*DATASET EXTRACT*:
- - -
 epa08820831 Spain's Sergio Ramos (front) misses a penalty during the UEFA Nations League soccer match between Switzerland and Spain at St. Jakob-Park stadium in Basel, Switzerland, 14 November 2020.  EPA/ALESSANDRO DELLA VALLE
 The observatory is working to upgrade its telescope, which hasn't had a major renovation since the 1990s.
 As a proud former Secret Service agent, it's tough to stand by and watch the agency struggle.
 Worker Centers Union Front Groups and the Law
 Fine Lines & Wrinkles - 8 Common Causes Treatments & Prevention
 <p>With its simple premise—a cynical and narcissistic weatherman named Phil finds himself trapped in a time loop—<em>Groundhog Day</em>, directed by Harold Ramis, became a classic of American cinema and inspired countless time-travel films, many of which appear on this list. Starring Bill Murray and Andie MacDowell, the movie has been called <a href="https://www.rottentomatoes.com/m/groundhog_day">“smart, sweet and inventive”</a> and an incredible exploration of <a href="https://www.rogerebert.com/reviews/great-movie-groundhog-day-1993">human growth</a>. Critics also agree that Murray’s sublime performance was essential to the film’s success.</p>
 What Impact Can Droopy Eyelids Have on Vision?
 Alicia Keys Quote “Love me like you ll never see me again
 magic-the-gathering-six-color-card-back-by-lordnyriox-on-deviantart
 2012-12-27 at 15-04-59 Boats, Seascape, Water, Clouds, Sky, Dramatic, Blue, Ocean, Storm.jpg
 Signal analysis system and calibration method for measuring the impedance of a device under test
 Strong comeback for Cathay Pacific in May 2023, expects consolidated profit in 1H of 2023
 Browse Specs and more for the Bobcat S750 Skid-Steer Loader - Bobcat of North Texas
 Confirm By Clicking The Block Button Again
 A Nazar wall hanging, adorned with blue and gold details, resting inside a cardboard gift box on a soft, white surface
- - -
*EXERCISE*:
Without changing a word, print all of the entries above.

*SOLUTION FOR THIS TASK*:
 epa08820831 Spain's Sergio Ramos (front) misses a penalty during the UEFA Nations League soccer match between Switzerland and Spain at St. Jakob-Park stadium in Basel, Switzerland, 14 November 2020.  EPA/ALESSANDRO DELLA VALLE
 The observatory is working to upgrade its telescope, which hasn't had a major renovation since the 1990s.
 As a proud former Secret Service agent, it's tough to stand by and watch the agency struggle.
 Worker Centers Union Front Groups and the Law
 Fine Lines & Wrinkles - 8 Common Causes Treatments & Prevention
 <p>With its simple premise—a cynical and narcissistic weatherman named Phil finds himself trapped in a time loop—<em>Groundhog Day</em>, directed by Harold Ramis, became a classic of American cinema and inspired countless time-travel films, many of which appear on this list. Starring Bill Murray and Andie MacDowell, the movie has been called <a href="https://www.rottentomatoes.com/m/groundhog_day">“smart, sweet and inventive”</a> and an incredible exploration of <a href="https://www.rogerebert.com/reviews/great-movie-groundhog-day-1993">human growth</a>. Critics also agree that Murray’s sublime performance was essential to the film’s success.</p>
 What Impact Can Droopy Eyelids Have on Vision?
 Alicia Keys Quote “Love me like you ll never see me again
 magic-the-gathering-six-color-card-back-by-lordnyriox-on-deviantart
 2012-12-27 at 15-04-59 Boats, Seascape, Water, Clouds, Sky, Dramatic, Blue, Ocean, Storm.jpg
 Signal analysis system and calibration method for measuring the impedance of a device under test
 Strong comeback for Cathay Pacific in May 2023, expects consolidated profit in 1H of 2023
 Browse Specs and more for the Bobcat S750 Skid-Steer Loader - Bobcat of North Texas
 Confirm By Clicking The Block Button Again
 A Nazar wall hanging, adorned with blue and gold details, resting inside a cardboard gift box on a soft, white surface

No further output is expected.